So Clarissa had a seat in Mr. Granger's luxurious carriage, the proprietor
whereof sat opposite to her, admiring the pale patrician face, and
wondering a little what that charm was which made it seem to him more
beautiful than any other countenance he had ever looked upon. They did not
talk much, Mr. Granger only making a few stereotyped remarks about the
uncertainties of this life, or occasionally pointing out some feature of
the landscape to Clarissa. The horses went at a splendid pace Their owner
would have preferred a slower transit.

"Remember, Miss Lovel," he said, as they approached the village of Arden,
"you have promised to come and see us."

"You are very good; but I go out so little, and papa is always averse to my
visiting."

"But he can't be that any more after allowing you to stay at the Castle,
or he will offend commoner folks, like Sophy and me, by his exclusiveness.
Besides, he told me he wished Sophy and you to be good friends. I am sure
he will let you come to us. When shall it be? Shall we say to-morrow,
before luncheon--at twelve or one, say? I will show you what I've done
for the house in the morning, and Sophy can take you over her schools and
cottages in the afternoon."

Sophia Granger made no attempt to second this proposition; but her father
was so eager and decisive, that it seemed quite impossible for Clarissa to
say no.

"If papa will let me come," she said doubtfully.

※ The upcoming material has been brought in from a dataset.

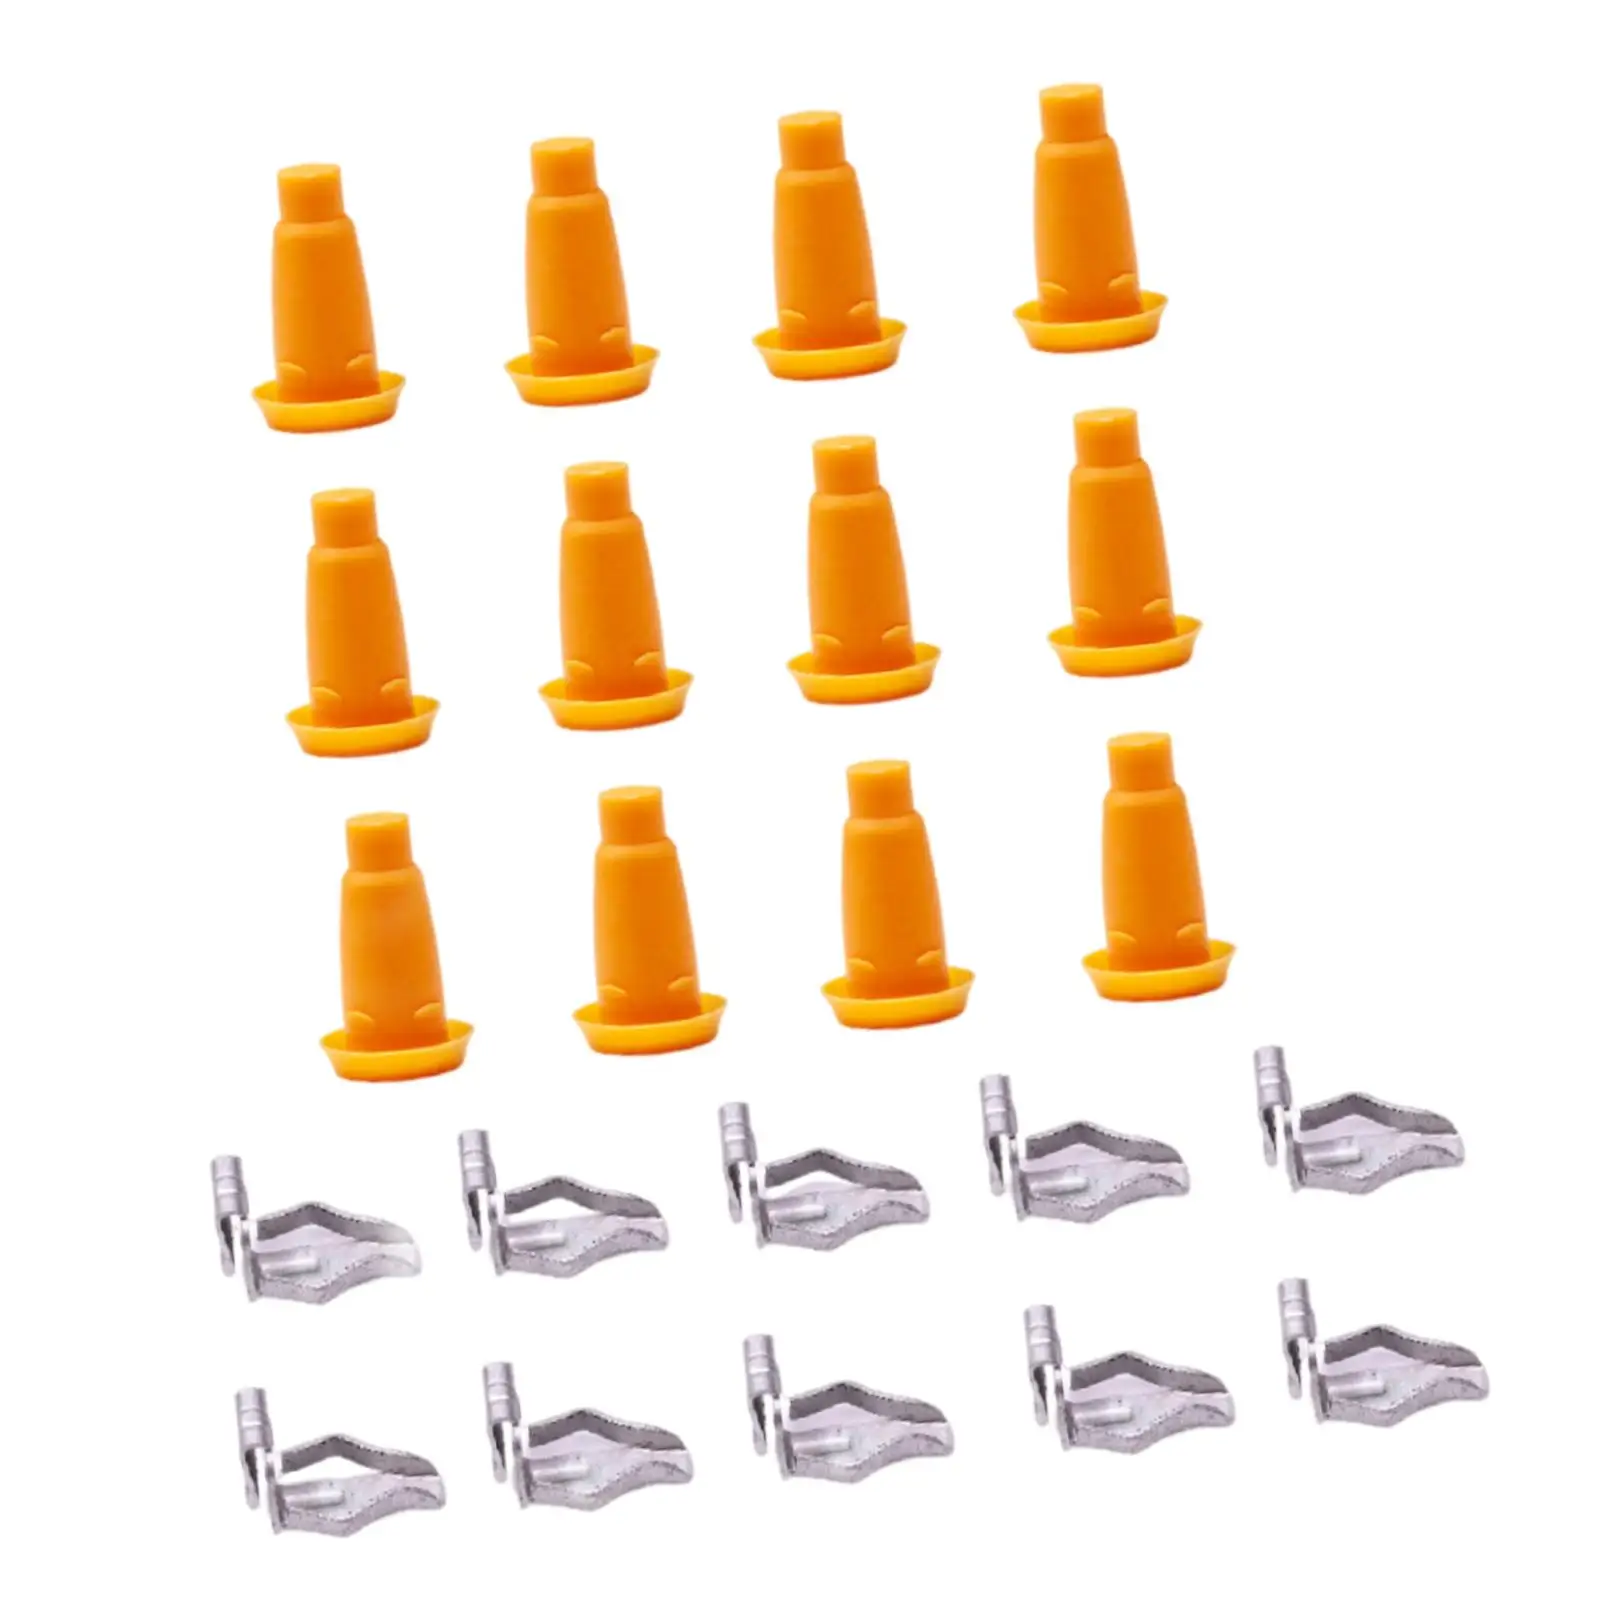 24Pcs Door Panel Frame Plugs & Clips Replacement 4500027 Repair Kit for Chevy Camaro Corvair Chevelle Fullsize Professional
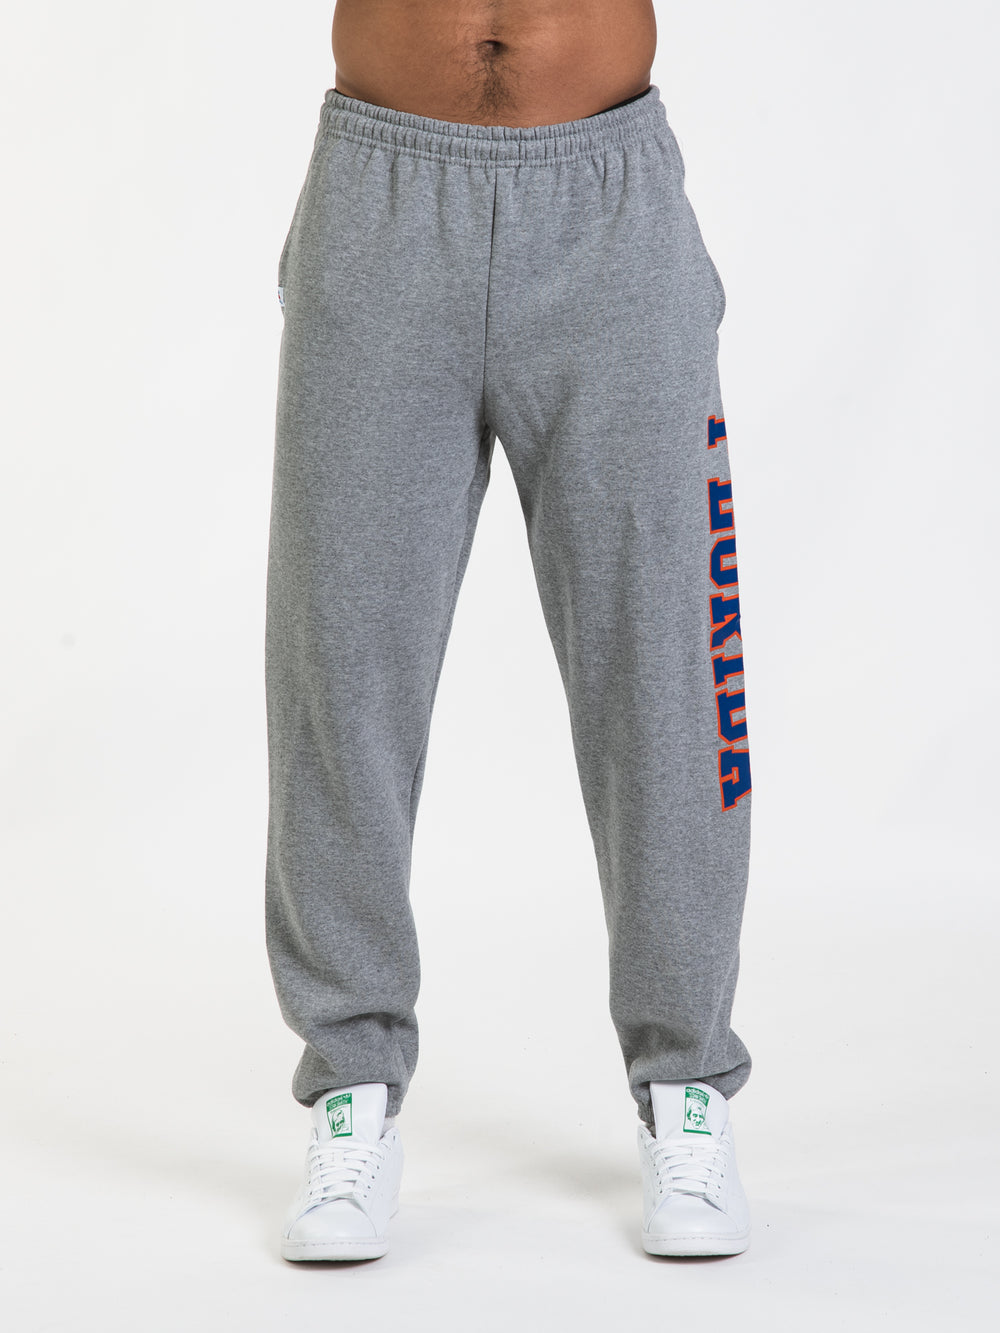 RUSSELL FLORIDA SWEATPANT - CLEARANCE

"O, I'm quite sure he will not refuse, after what he was good enough to say
to me," replied Mr. Granger; "and if he does not feel equal to going about
with us in the morning, I hope we shall be able to persuade him to come to
dinner."

They were at the little rustic gate before Mill Cottage by this time. How
small the place looked after Hale Castle! but not without a prettiness
of its own. The virginia creeper was reddening on the wall; the casement
windows open to the air and sunshine. Ponto ran out directly the gate was
opened--first to bark at the carriage, and then to leap joyously about
Clarissa, overpowering her with a fond canine welcome.

"You'll come in with us, Sophia?" asked Mr. Granger, when he had alighted,
and handed Clarissa out of the carriage.

"I think not, papa. You can't want me; and this dreadful morning has given
me a wretched headache."

"I thought there was something amiss. It would be more respectful to Mr.
Lovel for you to come in. I daresay he'll excuse you, however, when he
hears you are ill."

Clarissa held out her hand, which Miss Granger took with an almost obvious
reluctance, and the two young ladies said "Good-bye" to each other, without
a word from Sophia about the engagement for the next day.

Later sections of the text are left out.